Scientist and Head of Sales and Technical Marketing at RoosterBio Inc.
McDevitt Lab Postdoctoral Fellow 2008-12
Project Title:
“Extracellular matrix production by multipotent & unipotent stem cells”

Biography

Priya R. Baraniak graduated with a Bachelor of Science in Engineering (BSE) from Duke University in 2001 after double majoring in Electrical Engineering and Biomedical Engineering.  While at Duke, Priya conducted research in the lab of Dr. Doris A. Taylor on the use of skeletal myoblasts and stem cells for cardiac repair and regeneration.  Priya received her Ph.D. in Bioengineering from the University of Pittsburgh in 2008. She completed her dissertation research in the laboratory of Dr. William R. Wagner working on developing a controlled release biodegradable elastomer for applications in cardiovascular regenerative medicine.  In 2008, Priya joined Dr.

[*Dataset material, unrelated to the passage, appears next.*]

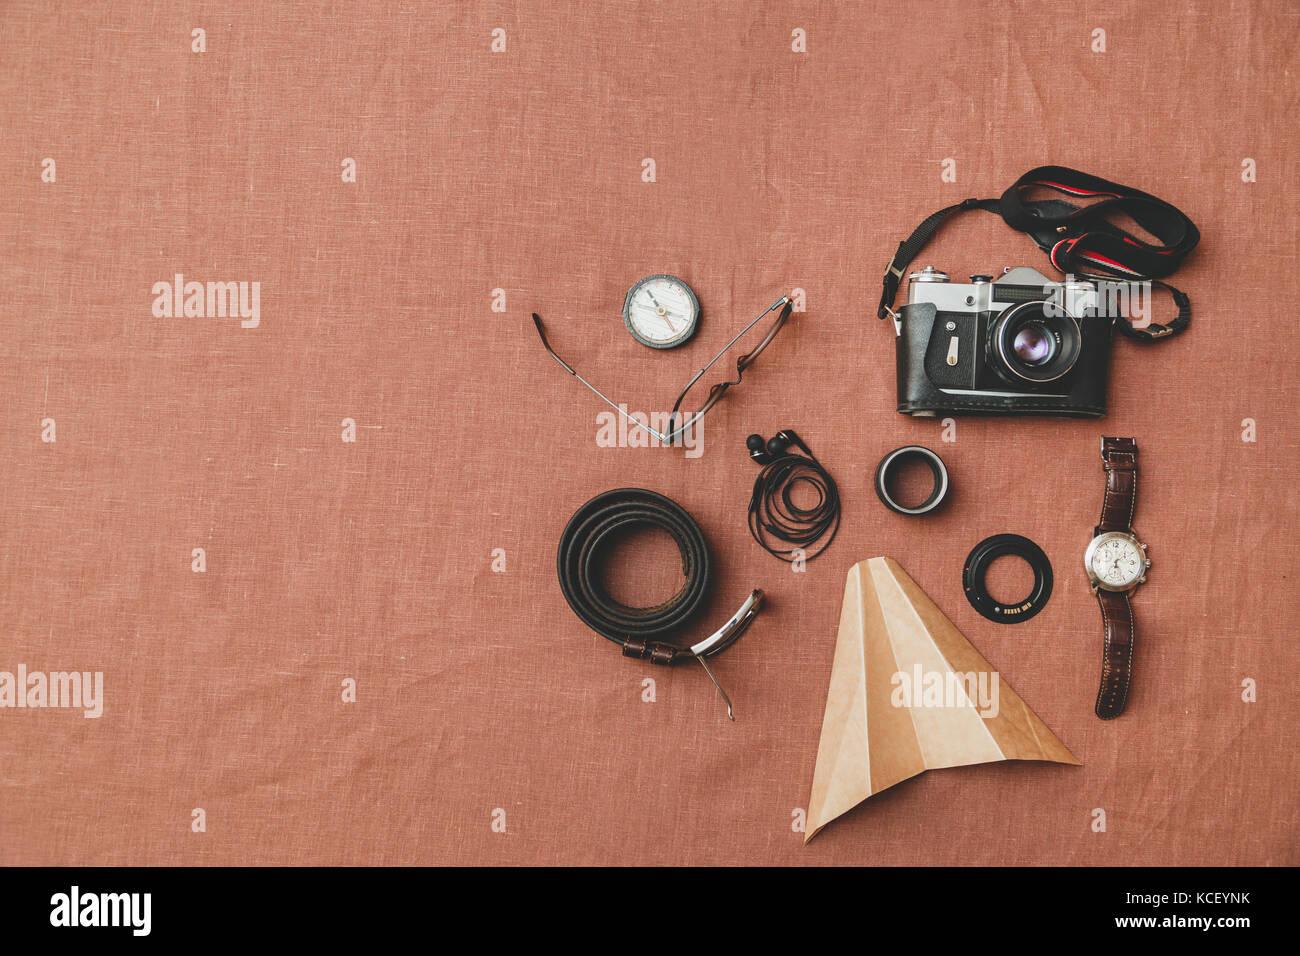 Accessoires pour hommes, ceinture, lunettes, porte-monnaie, watch, écouteurs, l'appareil photo Photo Stock

Todd McDevitt’s lab in theDepartment of Biomedical Engineering at Georgia Tech and Emory University as a post-doctoral fellow. Her post-doctoral research is focused on isolating stem cell extracellular matrices for use as scaffolds in tissue repair and regeneration.

Education

Bachelor of Science in Engineering, Biomedical & Electrical Engineering
Duke University
2001

PhD, Bioengineering
University of Pittsburgh
2008

Research Interests

Since the adult myocardium lacks the inherent ability to repair itself following ischemic injury, exogenous cell sources for the repair of infarcted myocardium have been investigated, and it has been demonstrated that transplanted cells may impart functional benefits via the secretion of growth factors and extracellular matrix (ECM) molecules.  Such mitigation of tissue repair by cell-derived molecules represents a significant paradigm shift in the therapeutic application of stem and progenitor cells and provides a novel approach to myocardial repair.  My research aims are to (1) examine the effects of three-dimensional cell culture systems on adult progenitor cell differentiation, growth factor synthesis, and ECM production, and (2) to determine the effects of progenitor cell-derived factors on ischemic cells and tissues in vitro and in vivo.  These studies should yield new insights into the cues presented to injured myocardium by exogenously administered progenitor cells and lead to the development of novel, ECM-derived biomaterials for cardiac repair and regeneration.